Marche du 16 février : les évêques cèdent aux pressions

dessin le potentiel cenco annule sa marche

Quels types de pressions ont eu raison de la détermination des évêques au point de « surseoir » à la marche des chrétiens programmée le 16 février 2016 ? Pour les uns, les princes de l’Eglise se réservent d’offrir à l’Opposition une opportunité de tirer des dividendes politiques ; pour d’autres les évêques se sont pliés aux menaces du président Kabila et sa majorité ; mais pour les évêques, il s’agit simplement d’éviter toute récupération politicienne, sur recommandation du Vatican, poussé par le nonce apostolique. La marche pour lancer l’année jubilaire ne sera plus une affaire de la Conférence épiscopale nationale du Congo.

Le Potentiel

Les évêques ne tiennent pas à offrir sur un plateau d’argent, la récupération politicienne de leur initiative d’une marche le 16 février 2016. Ils ont décidé de ne plus mettre les chrétiens dans la rue. La Conférence épiscopale nationale du Congo (Cenco) s’est pliée, sous la pression du Vatican, à l’exigence de se concentrer exclusivement à la prière. Mais, il n’est pas exclu qu’il s’agisse d’un marchandage qui aurait abouti à cette mesure contre le respect des prescrits de la Constitution par le président Kabila. L’omerta imposée sur le tête-à-tête qu’ils avaient eu avec le chef de l’Etat lors des consultations qu’ils avaient initiées est révélatrice. Ce rétropédalage n’est pas gratuit. La Cenco vient donc de commuer la marche de lancement de l’année jubilaire de la commémoration du massacre des chrétiens en 1992 qui exigeaient la réouverture de la Conférence nationale souveraine fermée par le dictateur Mobutu, à des prières œcuméniques.

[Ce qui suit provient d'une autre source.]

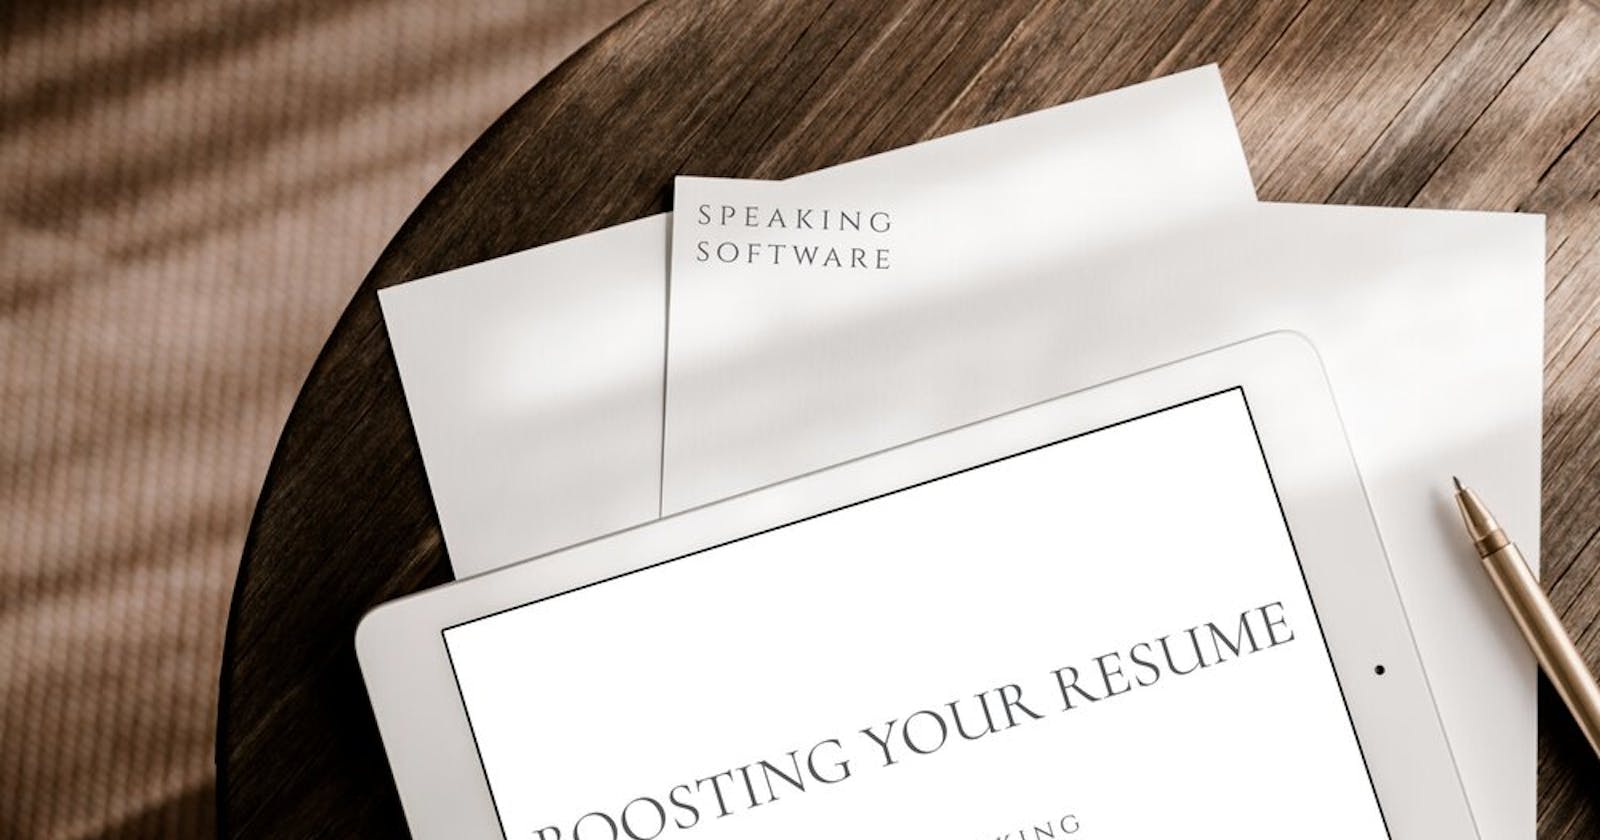 7. Boosting your Resume
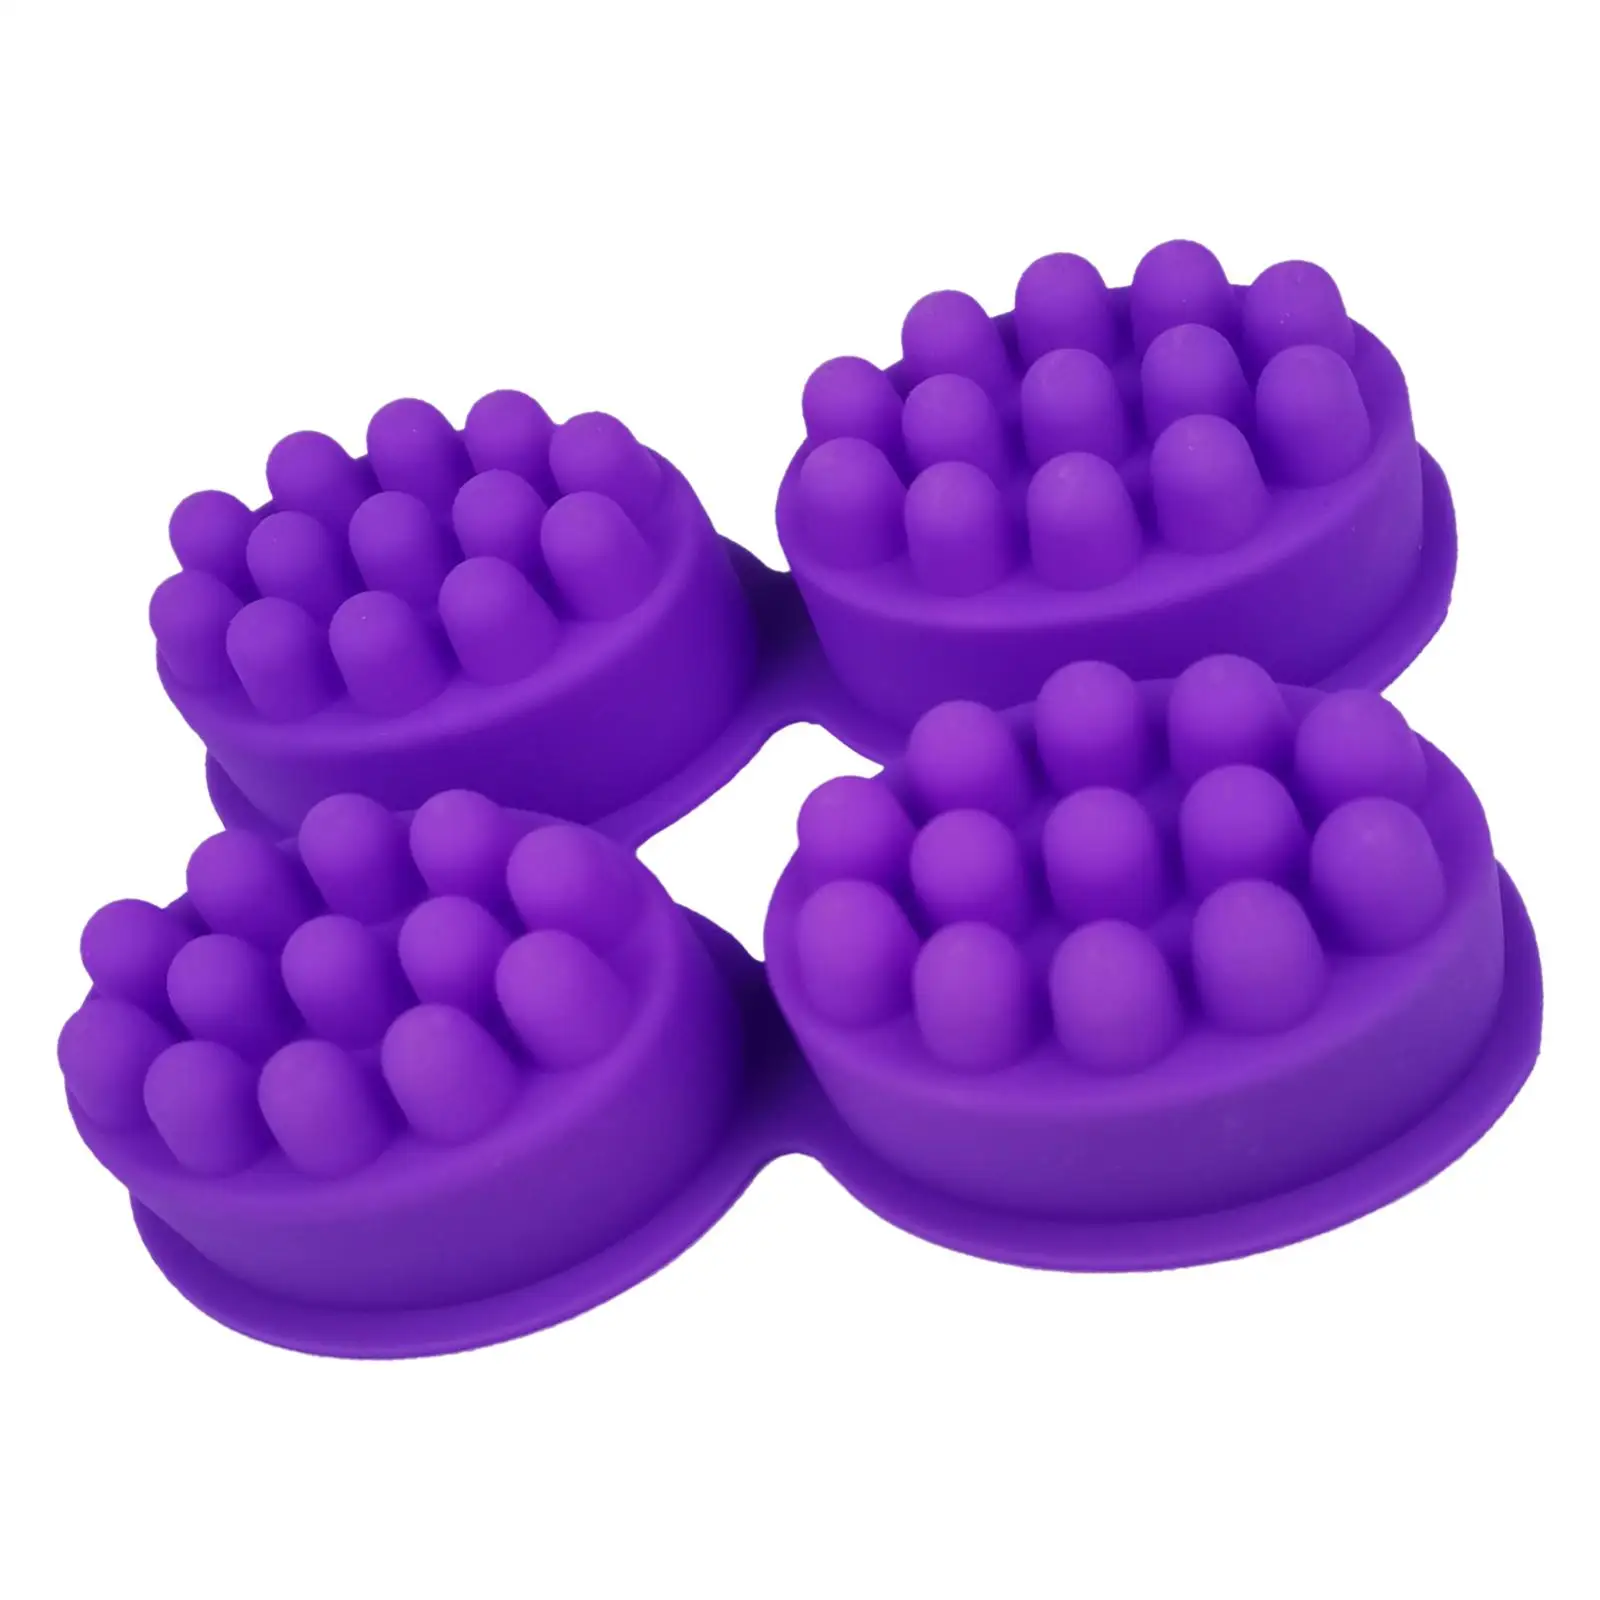 Ellipse Silicone Massage Soap 4 Cavities for Candle, Pudding, Baking DIY Oval Handicrafts 3D Silicone Handmade Soap ,

L’approche de la fin du deuxième et dernier mandat du président Joseph Kabila conformément à la Constitution du 18 février 2006 ainsi que les velléités voire des tentatives de modification de la loi fondamentale avaient donné lieu à l’évocation de l’article 64 par les évêques pour faire échec à tout projet qui irait dans ce sens. Aussitôt, cet appel citoyen a provoqué une levée de boucliers du côté des animateurs des institutions et de la Majorité présidentielle.

Les pressions de la MP

A la MP, les évêques étaient traités de tous les noms d’oiseaux. En des termes durs, les communicants de la MP et des officiels ont invité la Cenco à se consacrer exclusivement à la prière et de laisser les laïcs faire la politique. Certains sont allés loin dans les allusions indiquant que les évêques avaient été payés pour lancer cet appel. Le porte-parole du gouvernement Lambert Mende, lui avait « redouté une collusion » avec l’Opposition et des puissances étrangères. L’appel citoyen était considéré comme un soutien à l’Opposition. Comme pour démontrer qu’en haut lieu cette prise de position de la Cenco était mal prise, le procureur général de la République est sorti de sa réserve, mettant en garde quiconque, quelle que soit sa qualité, inviterait la population à descendre dans la rue, sur pied de la première partie de l’article 64 de la Constitution du 18 février 2016. Sans se faire prier, la Cenco a réagi vigoureusement estimant que ses membres ne pouvaient être considérés comme des agitateurs mais des Pasteurs qui ont à cœur le pays et le bon fonctionnement de la Constitution congolaise. Et à l’article 64, la loi fondamentale dispose : « Tout Congolais a le devoir de faire échec à tout individu ou groupe de personnes qui exercerait le pouvoir par la force ou qui l’exercerait en violation des dispositions de la Constitution ». Dans un élan de bras de fer, la Cenco a écrit : « L’interprétation qui est donnée de l’article 64 met le citoyen face à ses responsabilités», ajoutant qu’aucun évêque ne nourrissait l’intention de renverser le régime en place. Tout ce que les évêques demandent est le respect de la Constitution et des délais constitutionnels prévus par la Constitution. Cette position est réitérée dans le communiqué de Mgr Nicolas Djomo à l’issue des consultations conduites auprès des acteurs politiques pour un processus électoral apaisé.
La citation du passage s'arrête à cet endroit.